Mes amis d’origine marocaine en ont marre de toi. Marre de cette stigmatisation que tu entretiens de toute une communauté qui en souffre. Et de ce sentiment de honte que tu infliges à toute la communauté musulmane. Ils ont parfois même honte de dire qu’ils sont d’origine marocaine, alors qu’ils sont extrêmement fiers de leurs racines.

Et que dire de ces parents « qui avaient l’espoir que tu pourrais réaliser les rêves qu’ils n’ont pas pu réaliser. Ils sont furieux aussi, parce que leurs parents ou eux-mêmes ont travaillé dur pour en arriver là ». Et puis les filles, aussi : « nos copines, sœurs et mères en ont marre de toi. De tes sifflets ; d’être insultées de sales putes. Elles en ont marre de ne plus se sentir en sécurité la nuit, parce que tu as ce besoin de te faire remarquer ».

Gâcher tout pour tout le monde

En 565 mots dont pas un de trop, Sammy Mahdi verbalise les maux, ceux d’une communauté qui n’a de cesse d’être stigmatisée, et où l’ennemi vient souvent de l’intérieur. Ainsi qu’il le souligne, « de nombreuses personnes d’origine étrangère qui ont fait de leurs frustrations une force pour entreprendre des initiatives positives en ont marre de toi. Parce qu’elles ont l’espoir que leurs réalisations pourront inspirer toute une génération, pendant que toi tu salis leur travail avec le simple fait de prendre ce pavé en main ». Et s’il reconnaît qu’il « y a probablement plusieurs raisons pour lesquelles tu es devenue la racaille que tu es devenue », il ne fait aucune concessions à ce type de comportement pour autant.
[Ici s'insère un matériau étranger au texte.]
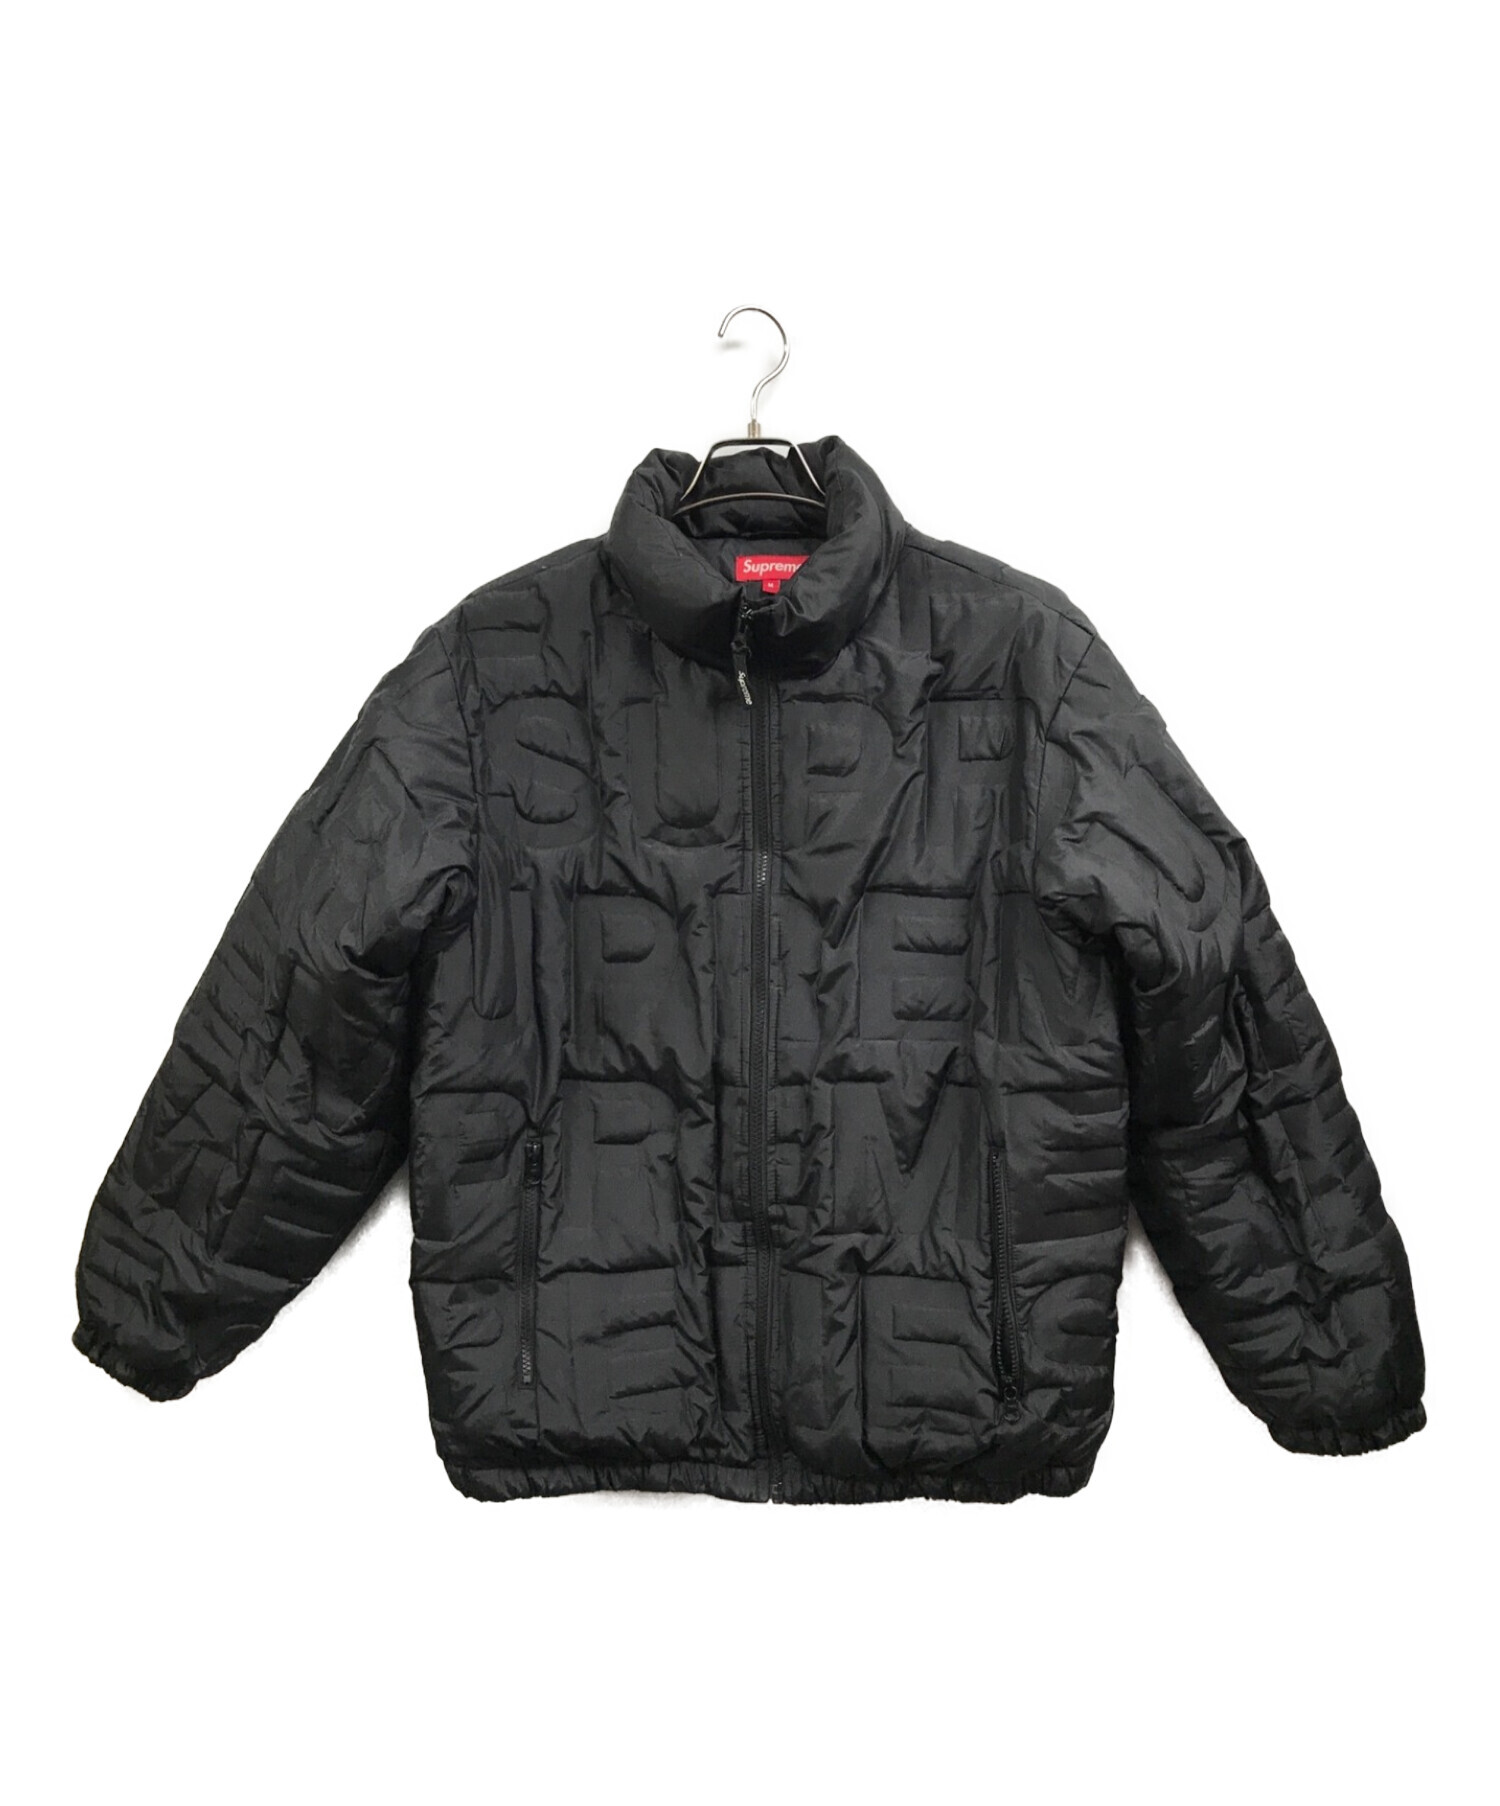 supreme bonded logo puffy jacket M - ダウンジャケット

Aucune de ces raisons n’est valable pour nous pourrir la vie. Si tu ne le réalises pas toi-même, j’espère que les forces de l’ordre arriveront à changer ton comportement criminel. Parce qu’honnêtement, on en a ras le cul.

Et d’ajouter à l’attention de cette « petite racaille » : « Tu ne te sens peut-être pas comprise. Et peut-être que tu as même des bonnes raisons pour cela. Mais tu gâches tout pour tout le monde ».